*Source information*
┏━━

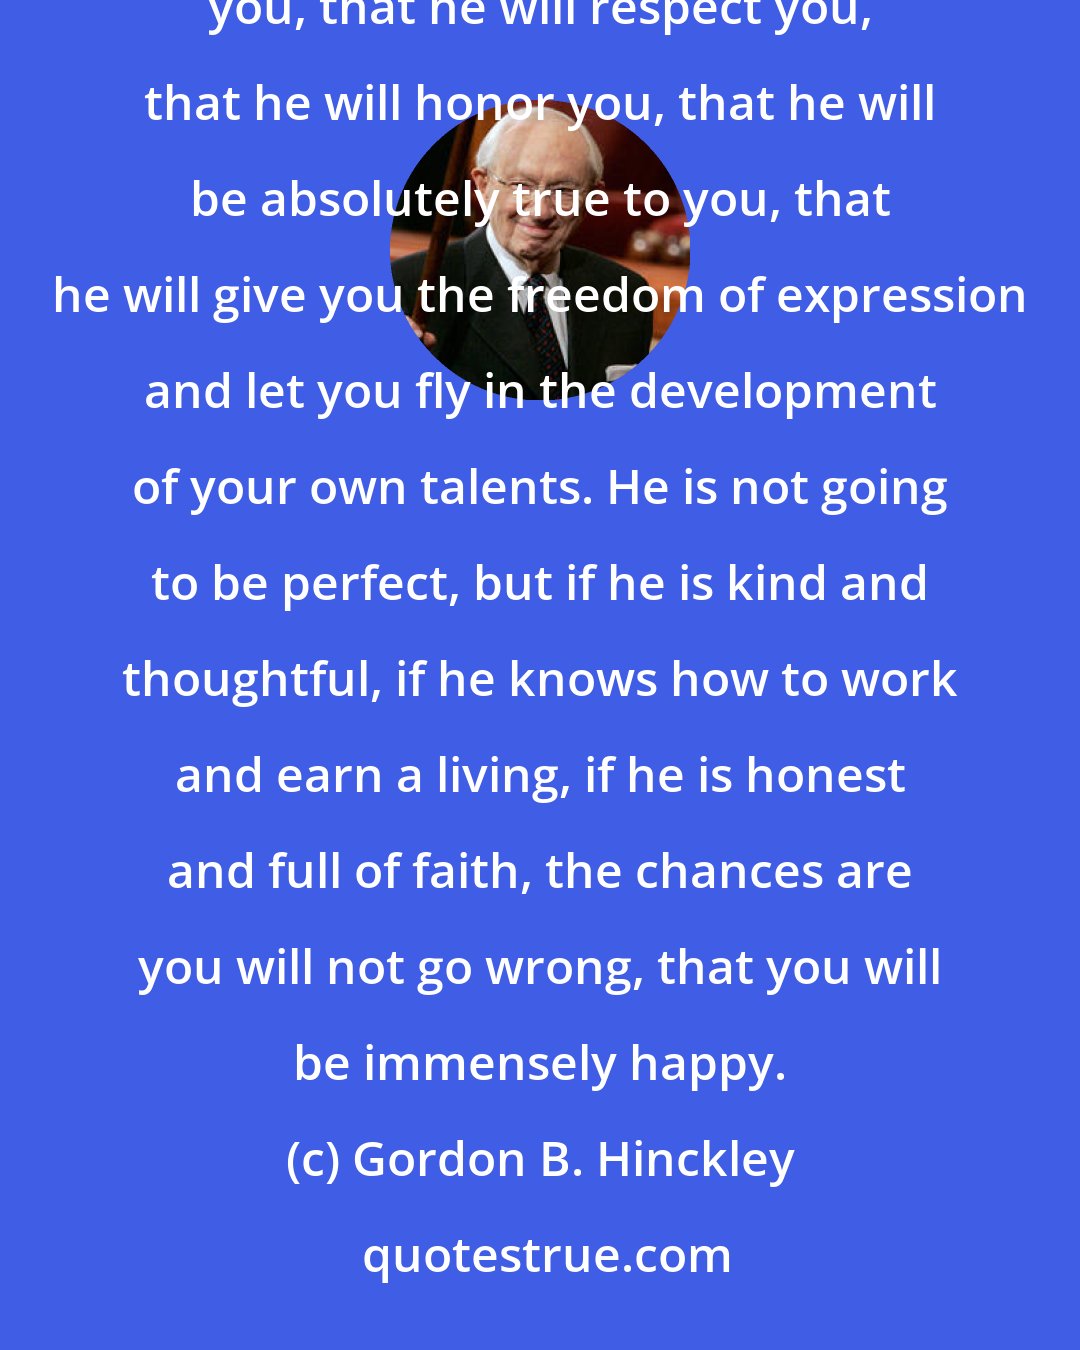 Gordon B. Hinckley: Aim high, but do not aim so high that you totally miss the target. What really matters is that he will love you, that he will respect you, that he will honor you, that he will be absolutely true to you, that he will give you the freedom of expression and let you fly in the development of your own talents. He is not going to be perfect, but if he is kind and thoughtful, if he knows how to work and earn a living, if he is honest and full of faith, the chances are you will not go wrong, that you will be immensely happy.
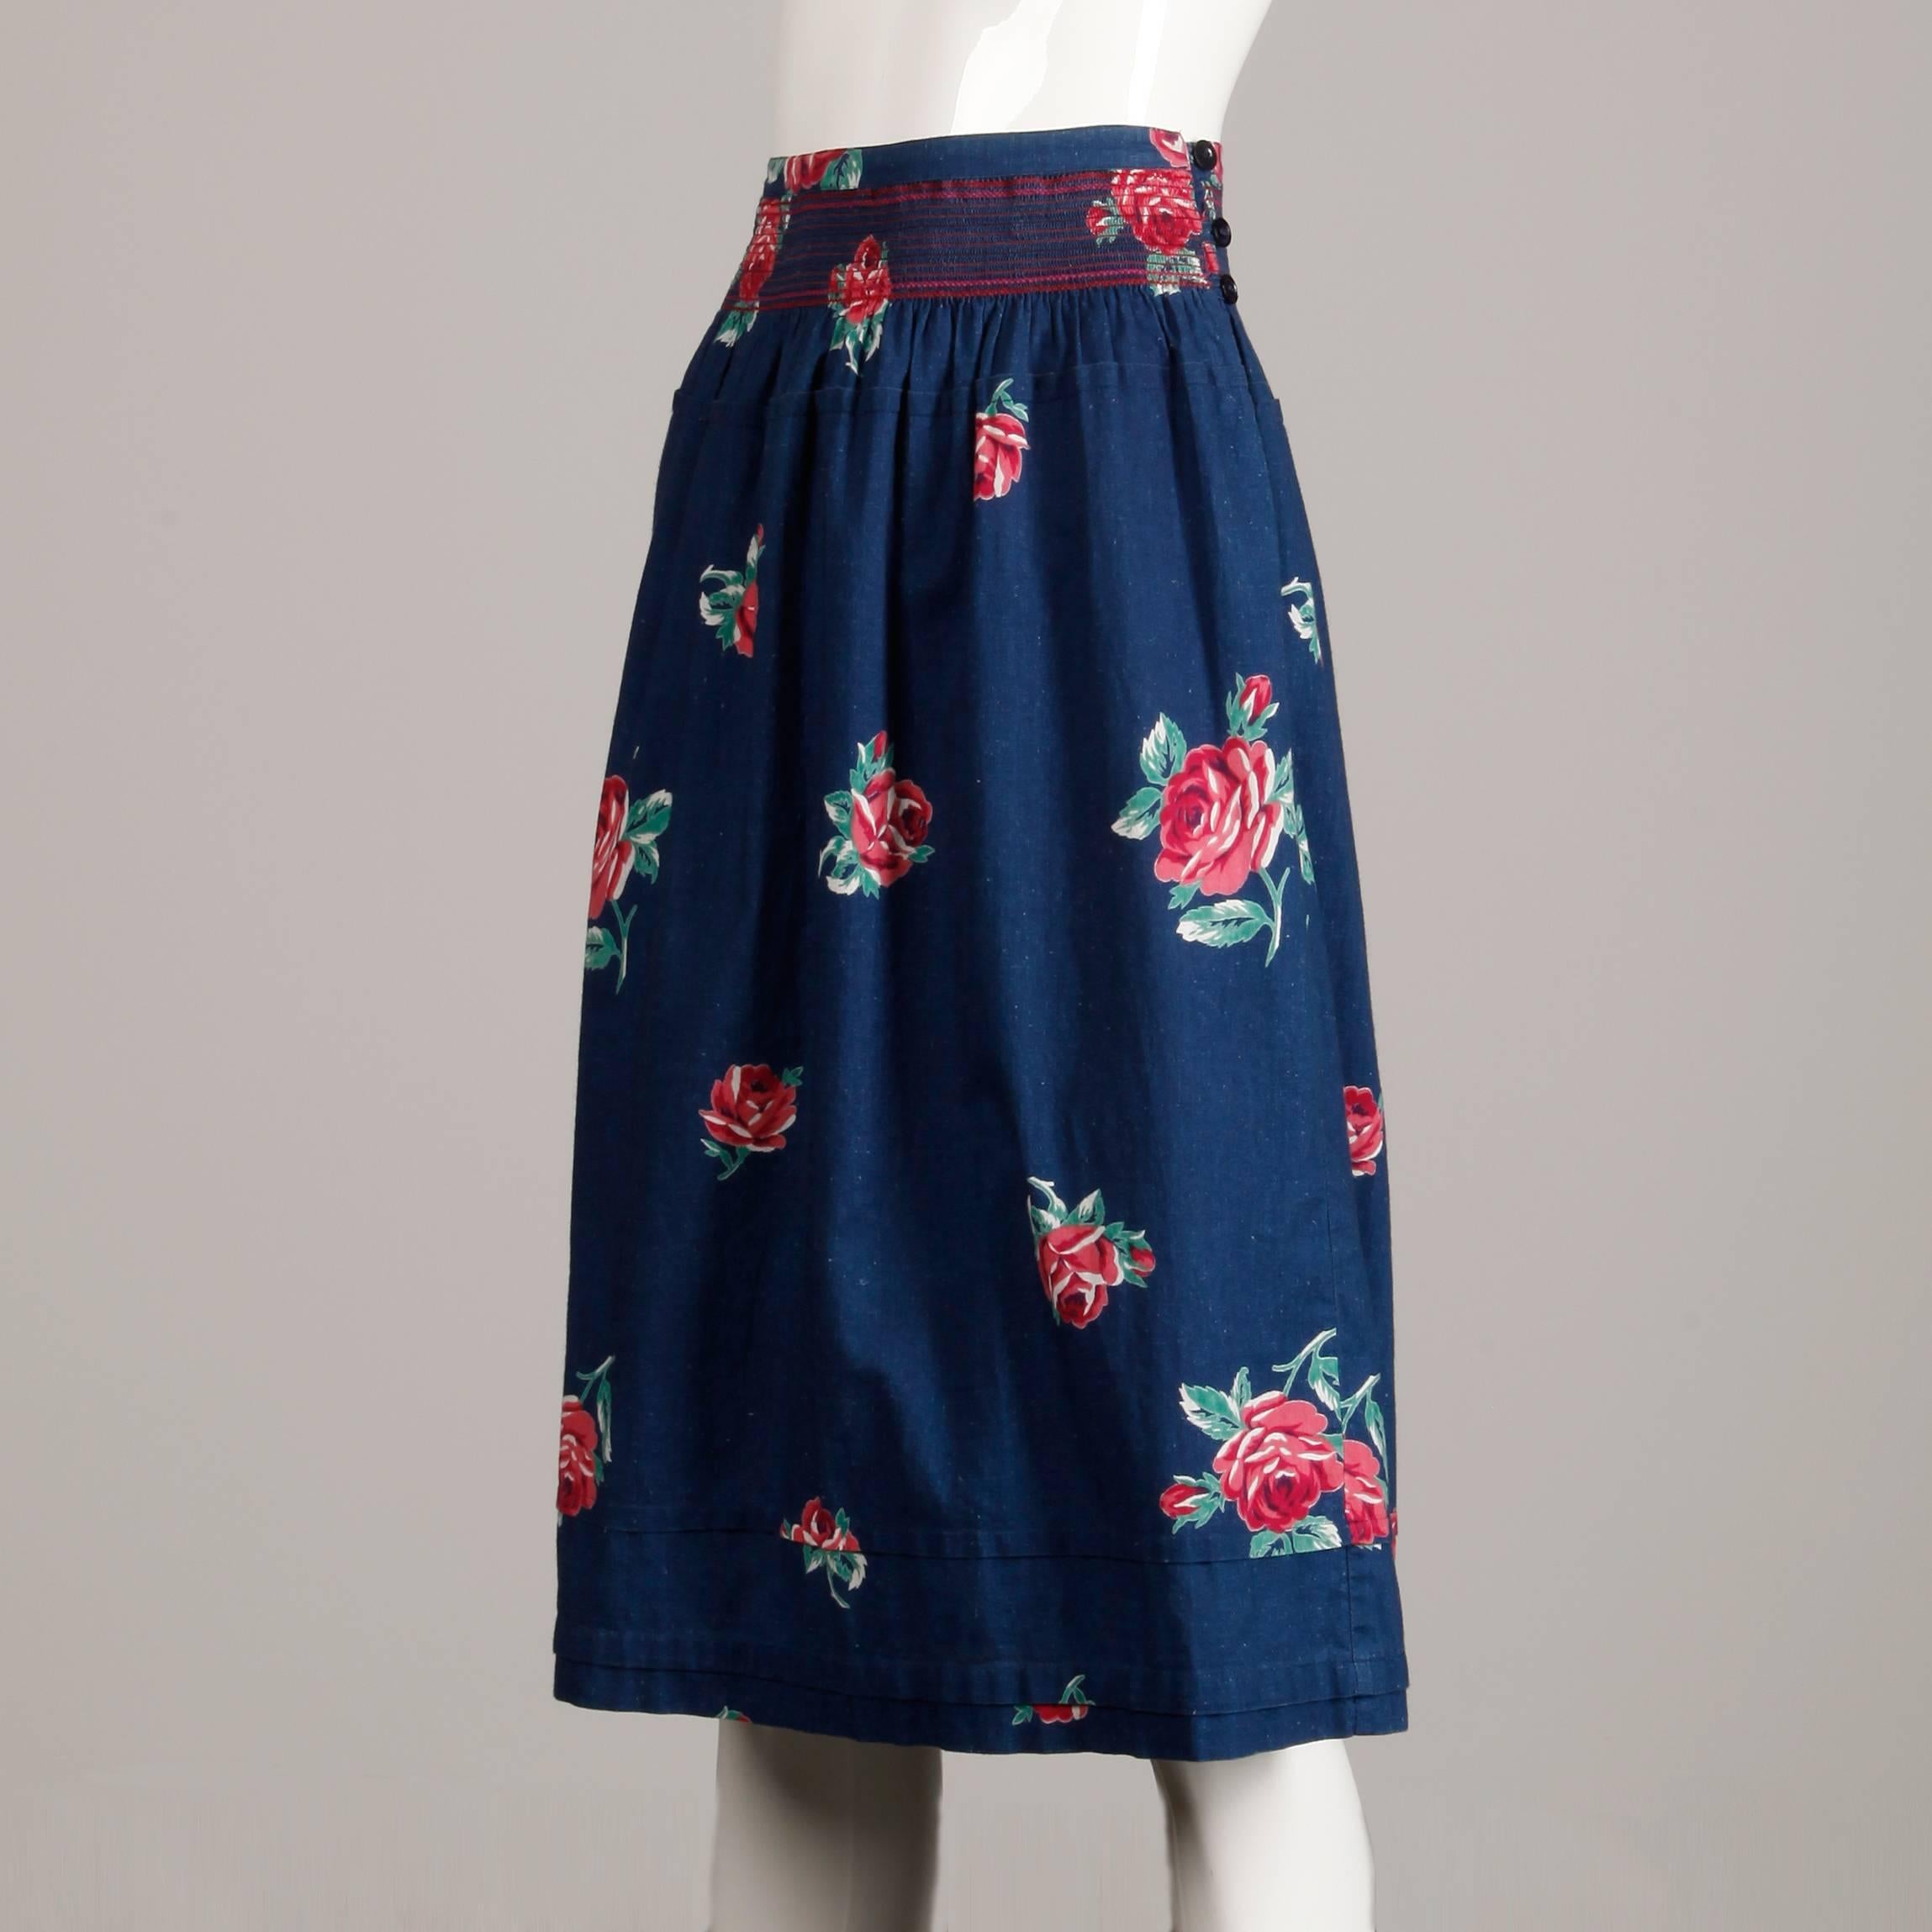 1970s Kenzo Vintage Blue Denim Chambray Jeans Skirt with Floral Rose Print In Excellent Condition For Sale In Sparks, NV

┗━━
┏━━

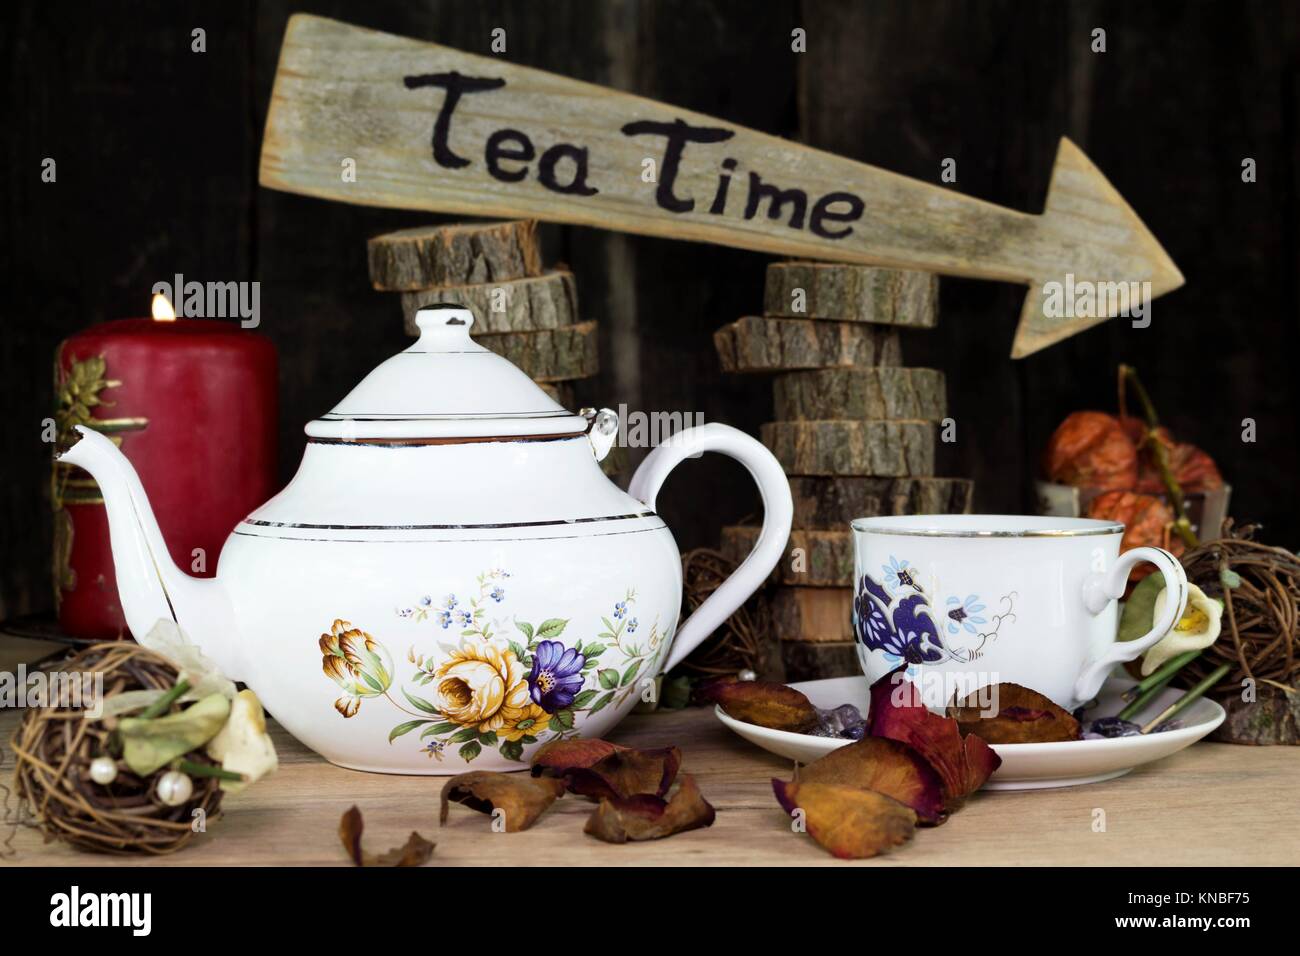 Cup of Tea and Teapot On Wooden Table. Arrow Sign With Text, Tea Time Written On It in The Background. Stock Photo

┗━━

*Instructions to follow*
Though the entries above contain pictures, none should be copied; reproduce only the lines between the one holding "Gordon B. Hinckley: Aim" and the one holding "1970s Kenzo Vintage", inclusive, exactly as written.

*Written reply*
 Gordon B. Hinckley: Aim high, but do not aim so high that you totally miss the target. What really matters is that he will love you, that he will respect you, that he will honor you, that he will be absolutely true to you, that he will give you the freedom of expression and let you fly in the development of your own talents. He is not going to be perfect, but if he is kind and thoughtful, if he knows how to work and earn a living, if he is honest and full of faith, the chances are you will not go wrong, that you will be immensely happy.
 1970s Kenzo Vintage Blue Denim Chambray Jeans Skirt with Floral Rose Print In Excellent Condition For Sale In Sparks, NV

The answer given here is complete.